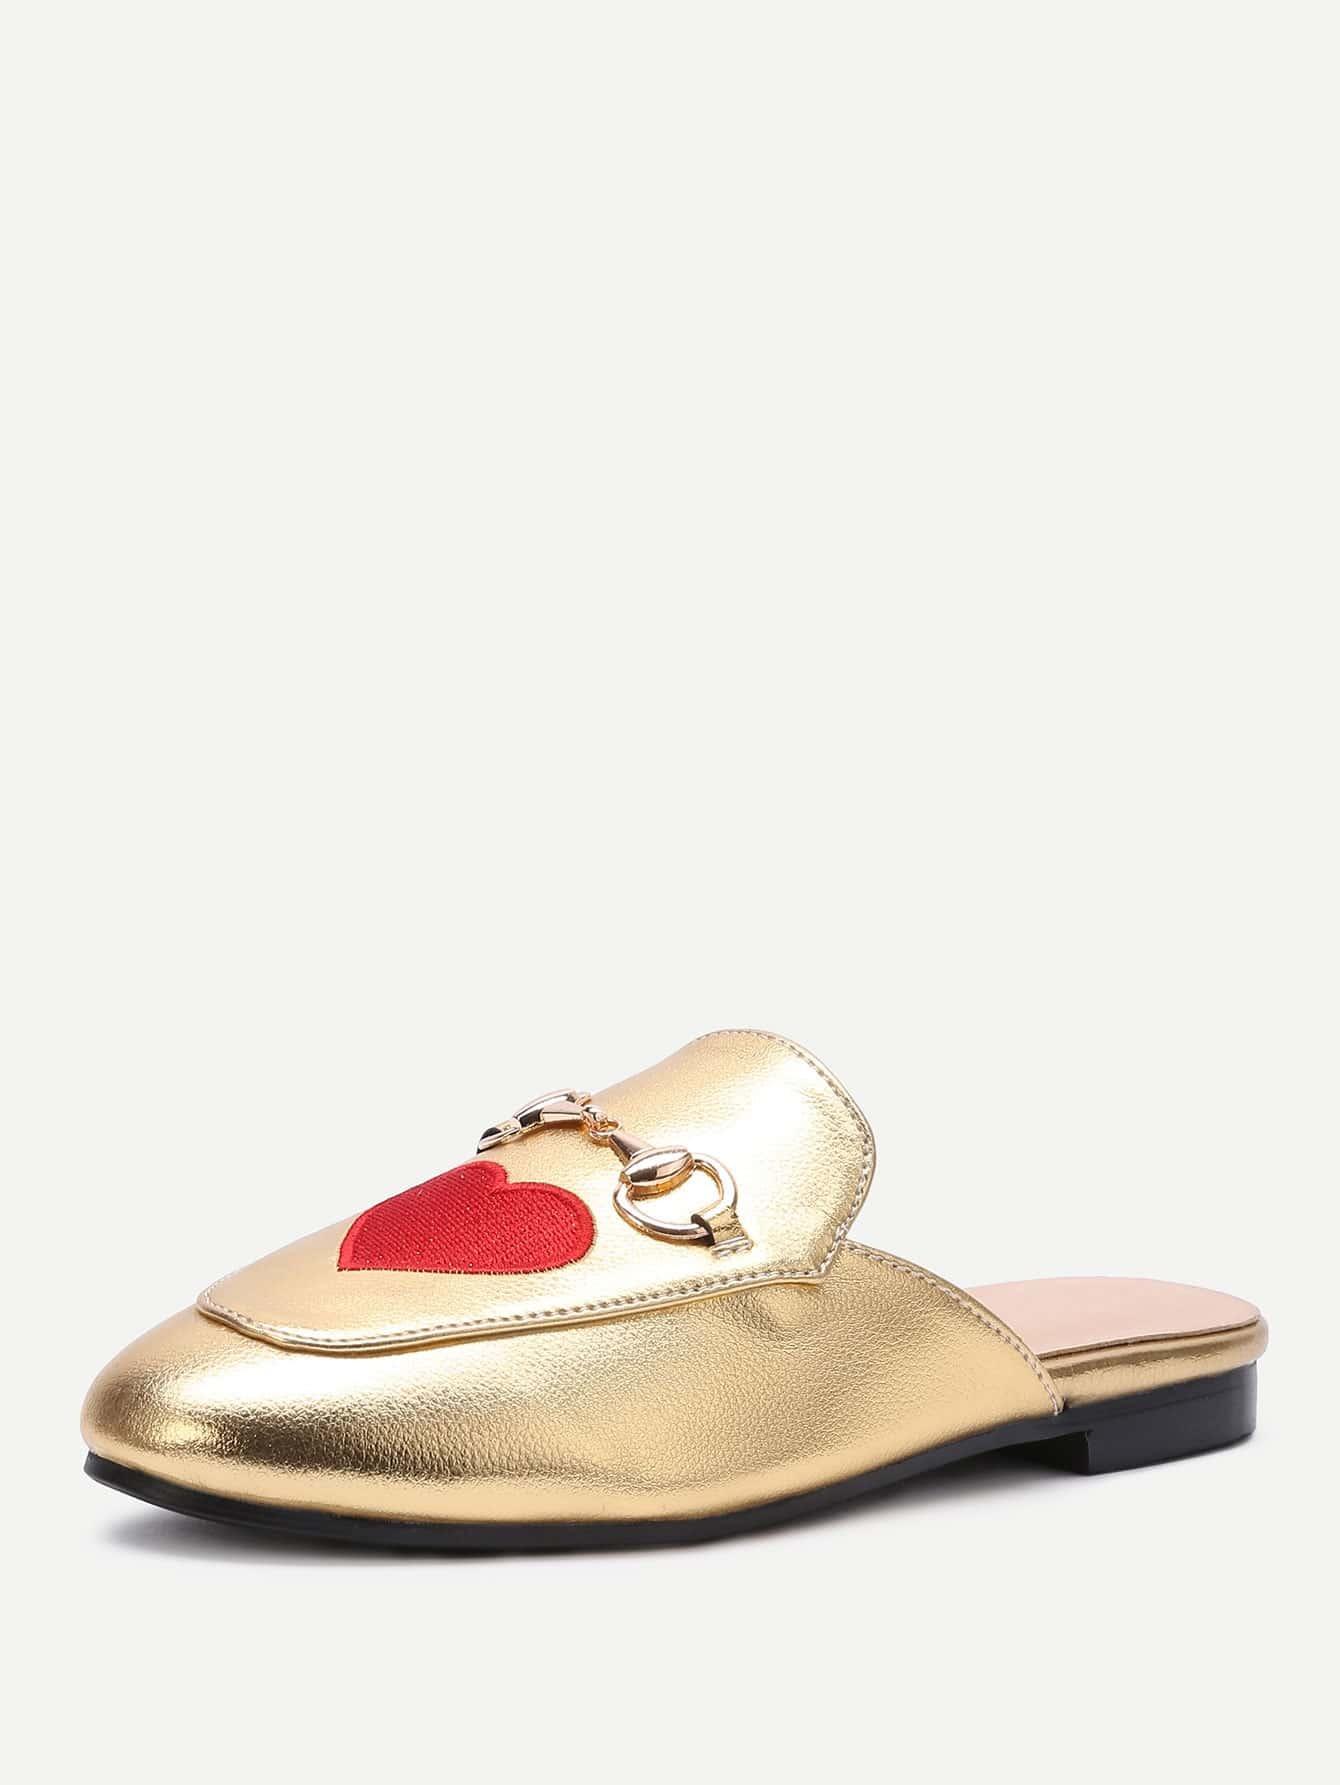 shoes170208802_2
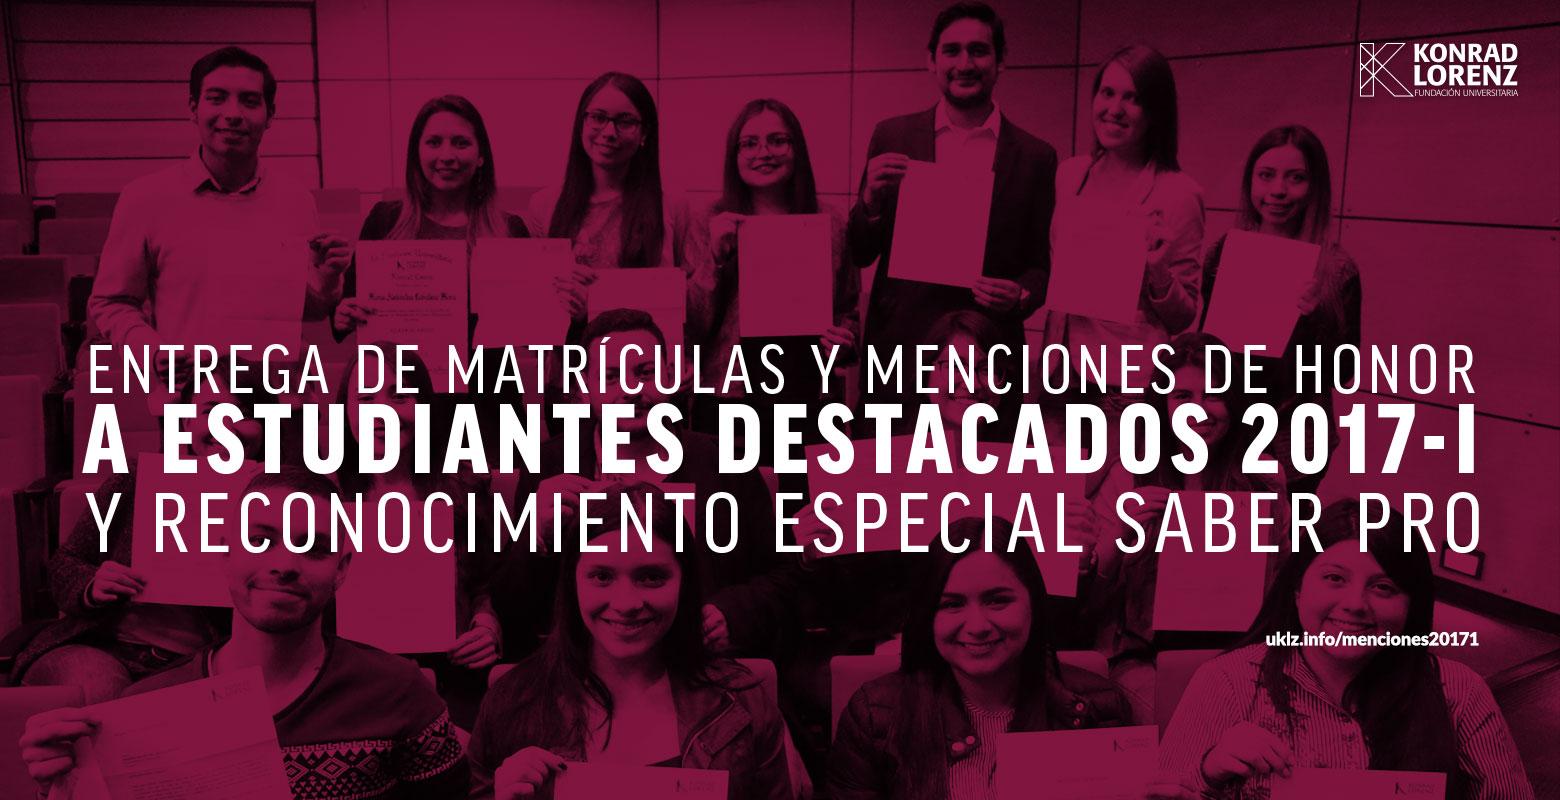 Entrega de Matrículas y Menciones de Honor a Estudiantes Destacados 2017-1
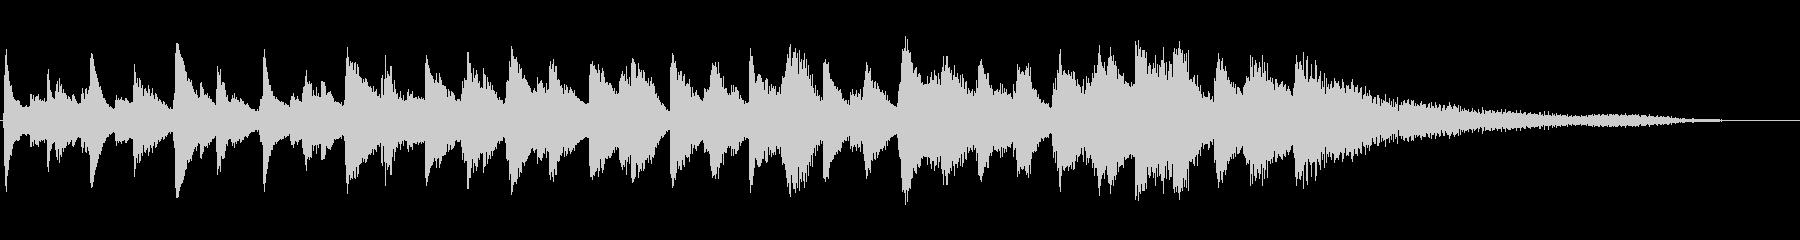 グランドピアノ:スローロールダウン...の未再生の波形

Exercise requirements:
Retype the data word for word, please, and keep the images out.

Output for this task:
 shoes170208802_2
 Entrega de Matrículas y Menciones de Honor a Estudiantes Destacados 2017-1
 グランドピアノ:スローロールダウン...の未再生の波形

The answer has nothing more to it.